#### COLLECTED DATA ####
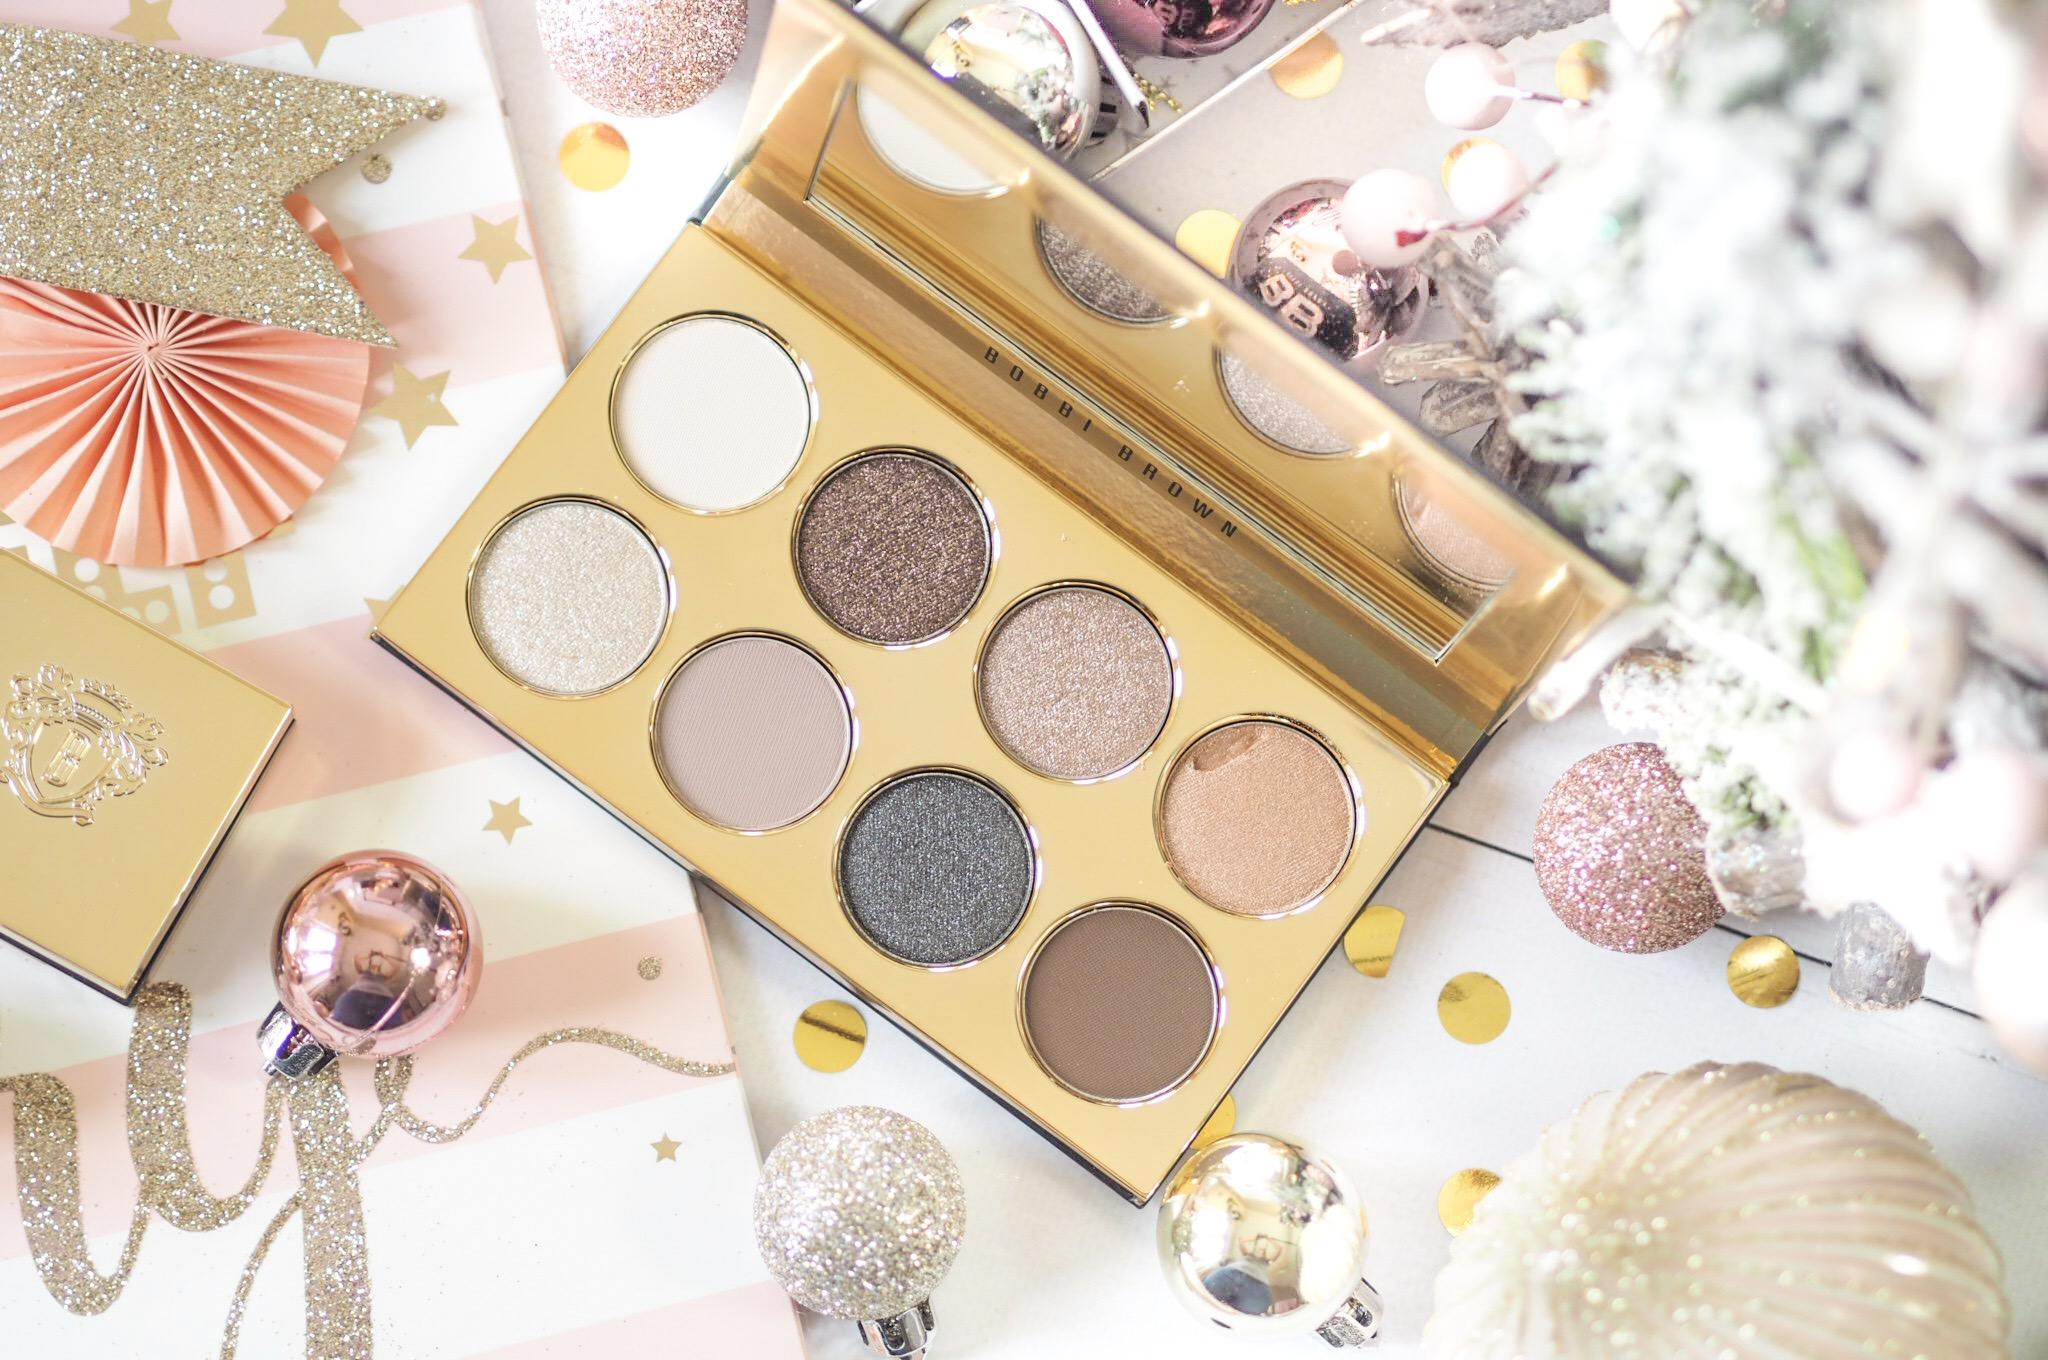 Bobbi Brown Smokey Crystal Eyeshadow Palette Review
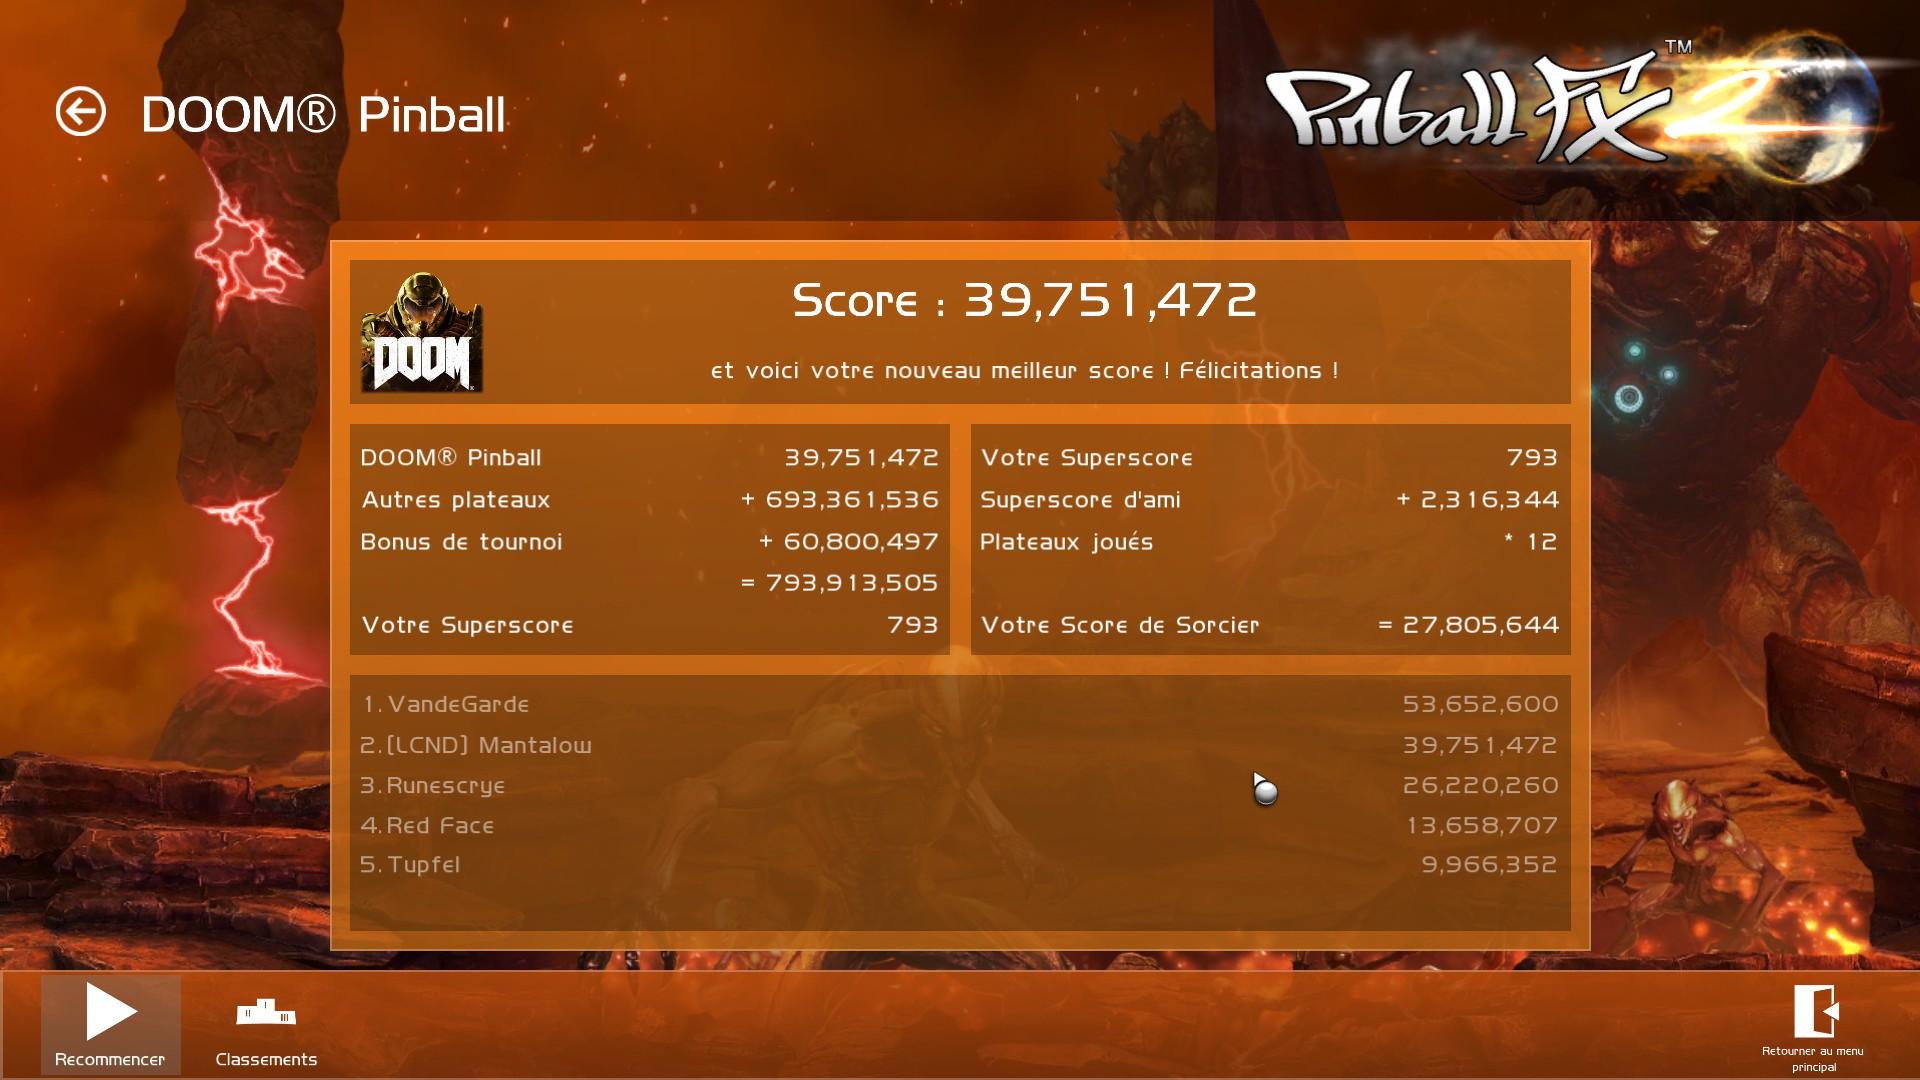 Mantalow: Pinball FX 2: Doom Pinball (PC) 39,751,472 points on 2016-12-08 04:32:51
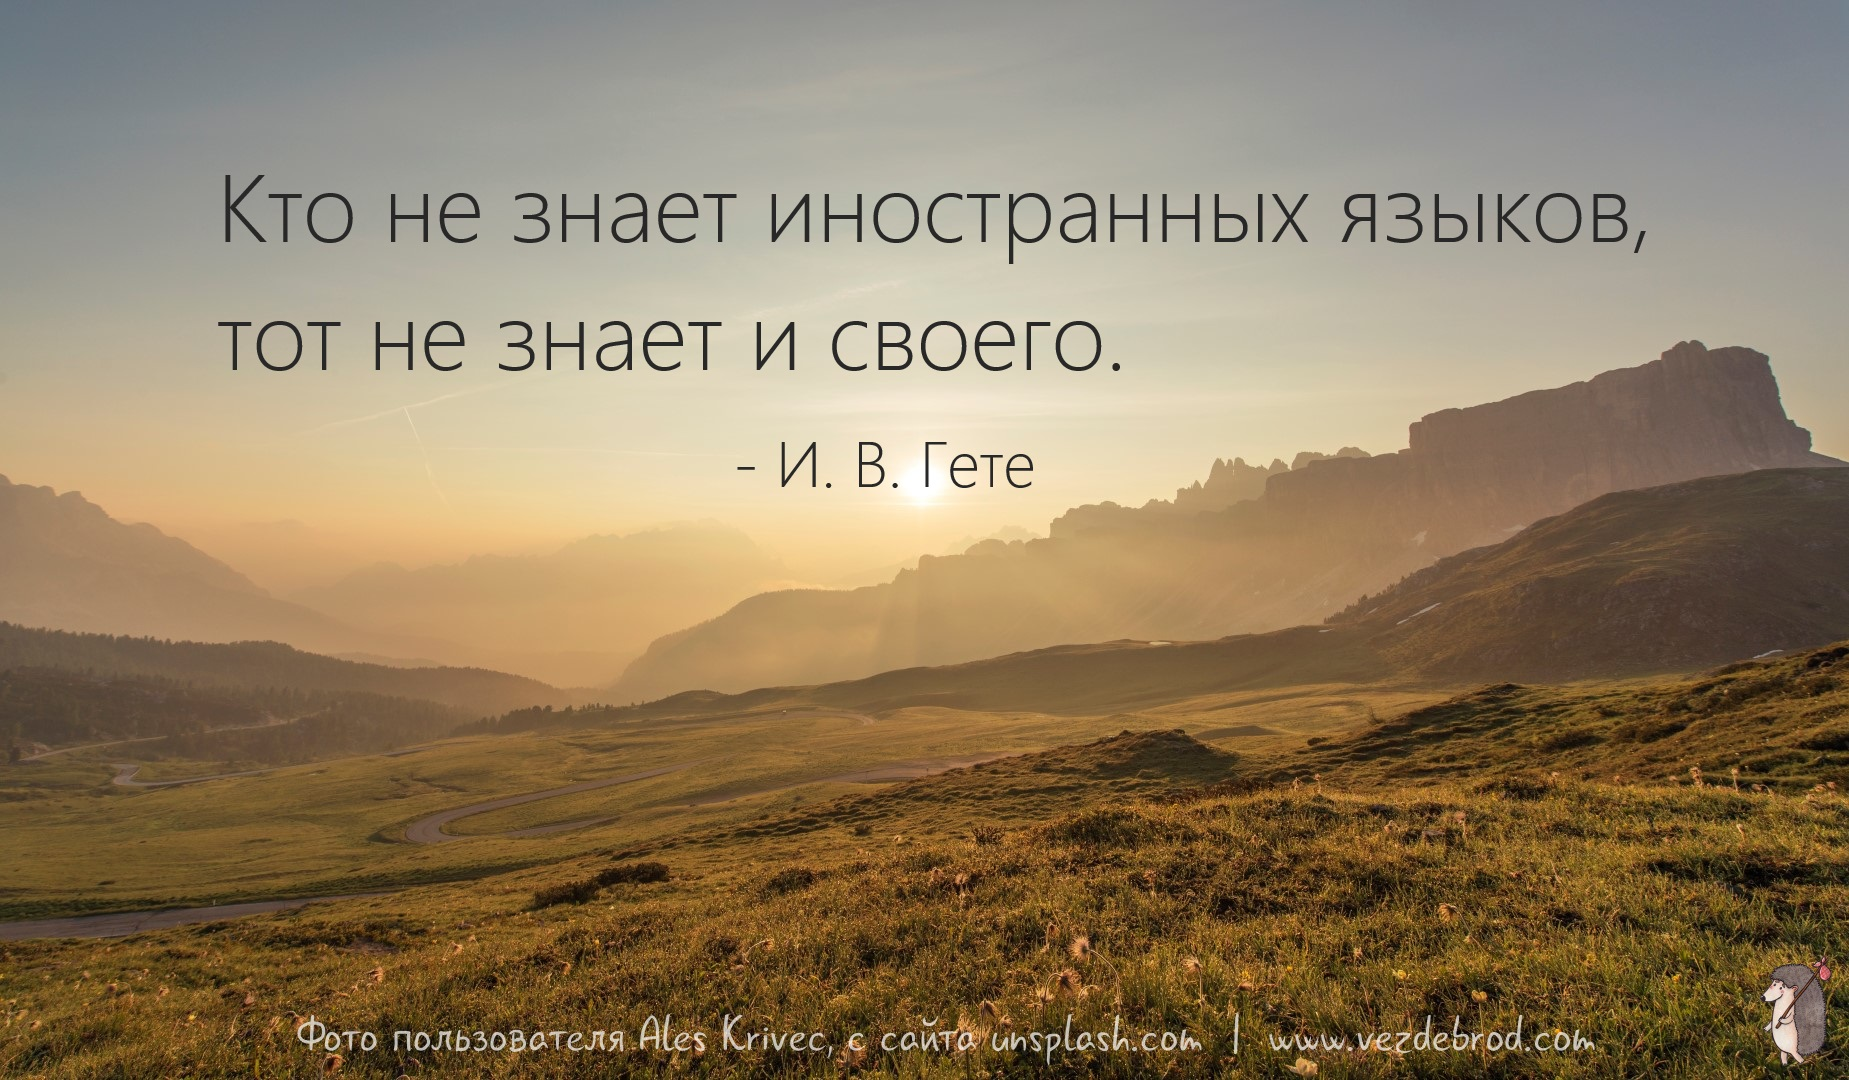 И. В. Гете
####
Find the line holding "Mantalow: Pinball FX" in the data above. Retype it and every later line exactly, through the end, but not the pictures.

 Mantalow: Pinball FX 2: Doom Pinball (PC) 39,751,472 points on 2016-12-08 04:32:51
 И. В. Гете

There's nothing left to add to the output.